Studies on the disposition of antipyrine, aminopyrine, and phenacetin using plasma, saliva, and urine

Abstract

In normal male subjects, the half-lives of antipyrine, aminopyrine, or phenacetin were not significantly different from the half-lives of each drug in saliva. Apparent volumes of distribution (aVd) in plasma and saliva differed by the extent to which each drug has been reported to bind to plasma proteins. Thus, the aVd of antipyrine in plasma and saliva was similar; there were significant differences in aVdfor aminopyrine; even greater differences were observed for penacetin.

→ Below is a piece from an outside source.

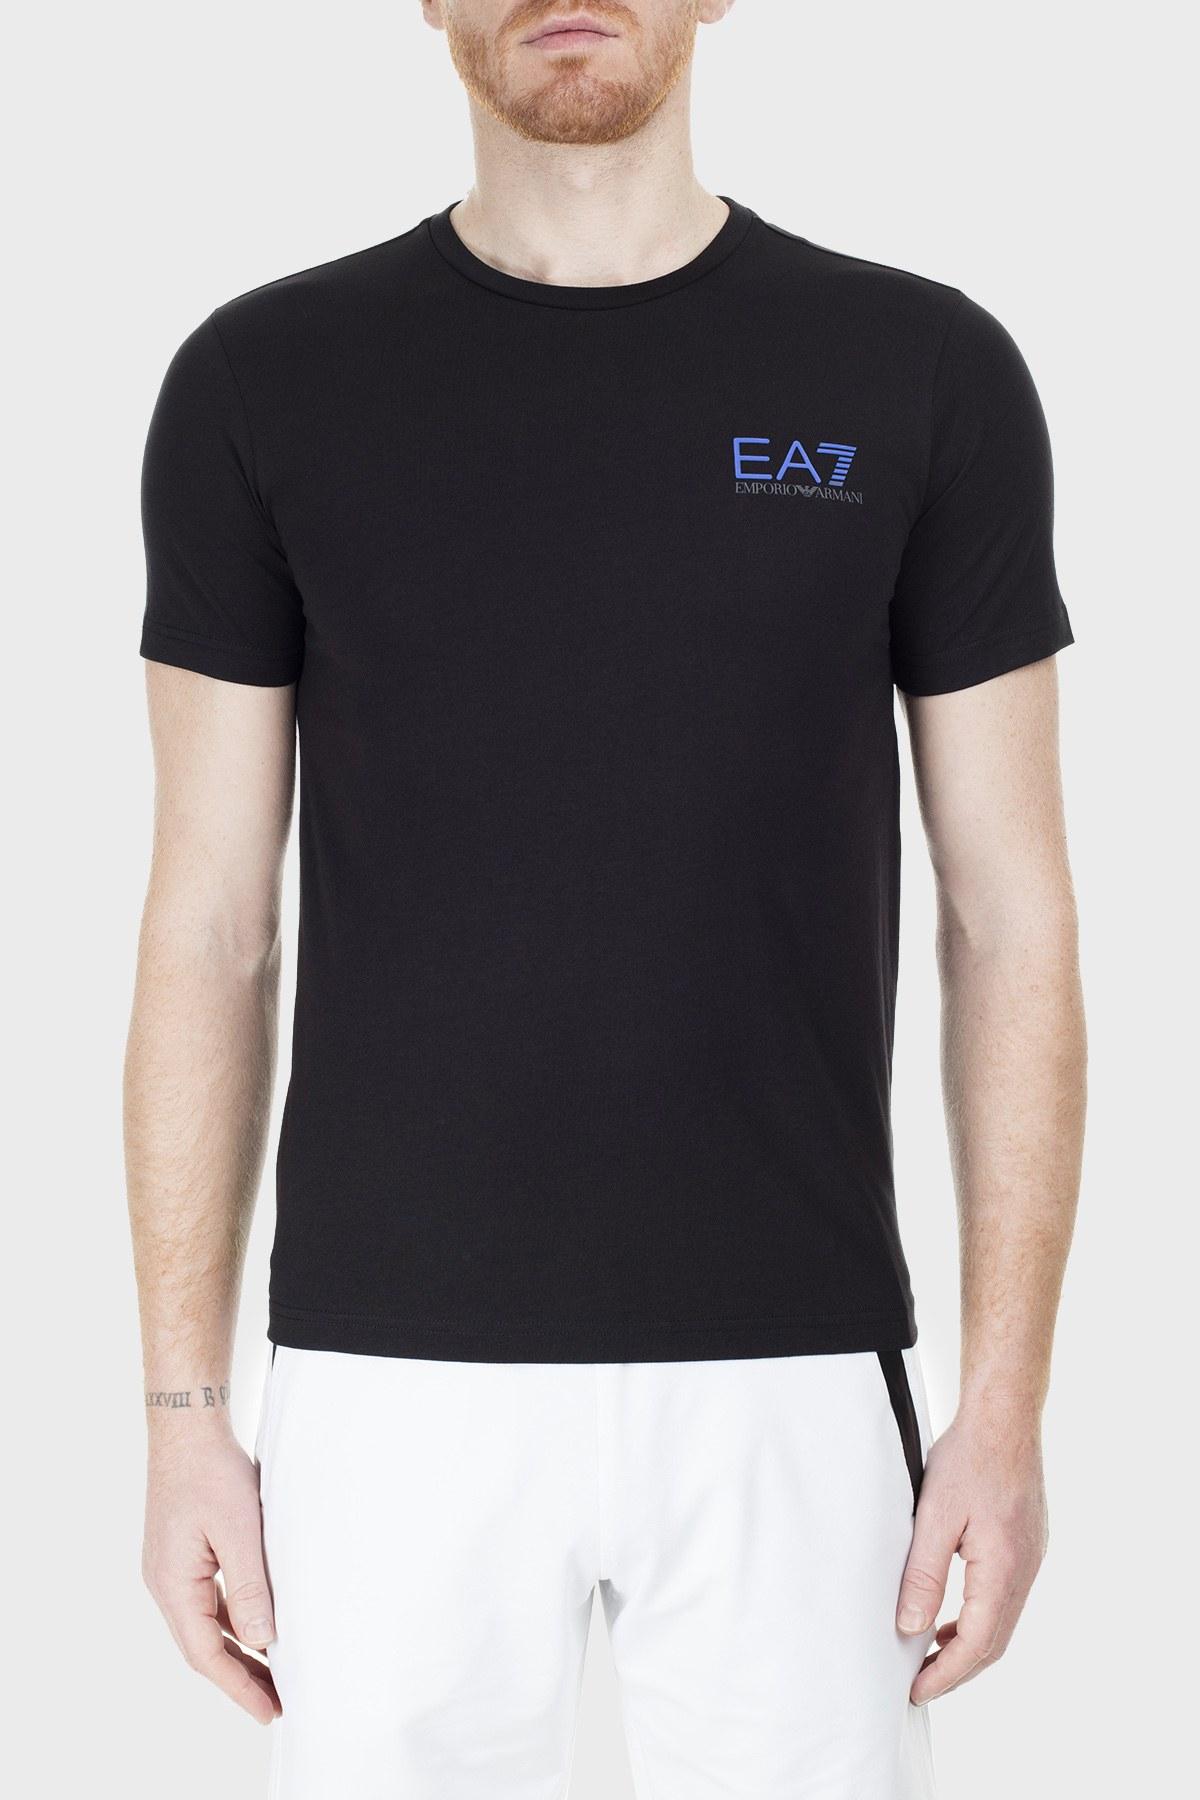 EA7 Regular Fit Erkek T Shirt S 6GPT15 PJ02Z 1200 SİYAH

The expression 1 − ^{aVd (p)}/_{aVd (s)} equals the fraction of the drug bound to plasma proteins. Rates of appearance in the urine of metabolites of antipyrine and aminopyrine were measured. General equations were used to show the relationship between half-life for elimination of the parent drug from the body and rate of excretion of metabolites. There were significant correlations between the half-life for elimination of antipyrine from the body and the half-life for production of 4-0H antipyrine (r = 0.90), as well as between the plasma half-life of aminopyrine and the half-life of 4-aminoantipyrine (r = 0.95). No significant correlation was observed in the same individual between the plasma half-lives of antipyrine and phenacetin (r = 0.05, p < 0.05), of aminopyrine and phenacetin (r = 0.11, p < 0.05), or of antipyrine and aminopyrine (r = 0.50, p < 0.05).